First principles prediction of two-dimensional Janus XMoGeN2 (X = S, Se and Te) materials

Abstract

Motivated by the successful synthesis of two-dimensional MoSi₂N₄ [Y.-L. Hong et al., Science, 2020, 369, 670–674] and Janus MoSSe [A.-Y. Lu et al., Nat. Nanotechnol., 2017, 12, 744–749], in this work, we propose novel 2D Janus XMoGeN₂ (X = S, Se and Te) monolayers using first-principles prediction. The controllable electronic features of Janus XMoGeN₂ (X = S, Se and Te) monolayers under an external electric field and strain are also examined. Our predictions demonstrated that 2D XMoGeN₂ materials are structurally and dynamically stable. All these 2D XMoGeN₂ materials are indirect semiconductors with band gaps of 1.60/2.10, 1.54/2.07 and 1.05/1.56 eV obtained by the PBE/HSE functional for SMoGeN₂, SeMoGeN₂ and TeMoGeN₂ monolayers, respectively.
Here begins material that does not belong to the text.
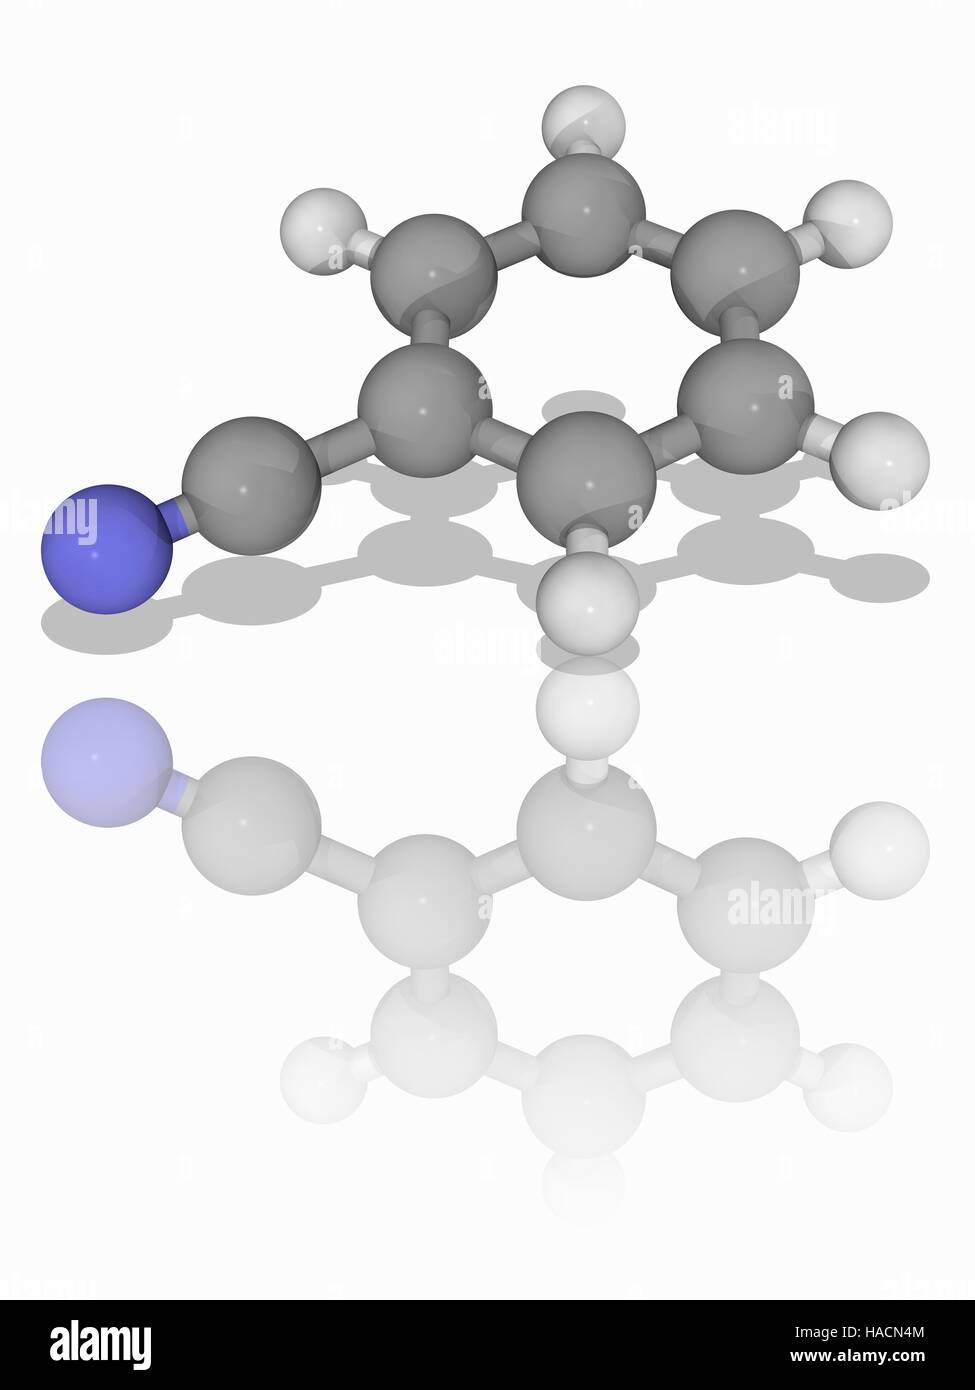 Benzonitril. Molekulares Modell des aromatische organische Verbindung Benzonitril (C7. H5. (N). es ist eine wichtige Vorstufe für die Synthese von anderen organischen Substanzen. Es hat einen süßen Mandel Geruch. Atome als Kugeln dargestellt werden und sind farblich gekennzeichnet: Kohlenstoff (grau), Wasserstoff (weiß) und Stickstoff (blau). Abbildung. Stockfoto

Furthermore, the electronic band gap and band structures of these monolayers are controllable under an external electric field and strain, making them promising candidates for flexible optoelectronics and nanoelectronics. The electric field tunes the TeMoGeN₂ monolayer from semiconductor to metal and leads to a change in the band gap. While strain modifies the band gap of the TeMoGeN₂ monolayer, giving rise to a shift in the CB from the Γ–M path to the M point and a tendency to transform from semiconductor to metal. Our findings suggest that these novel 2D XMoGeN₂ materials are potential candidates for use in future high-performance applications.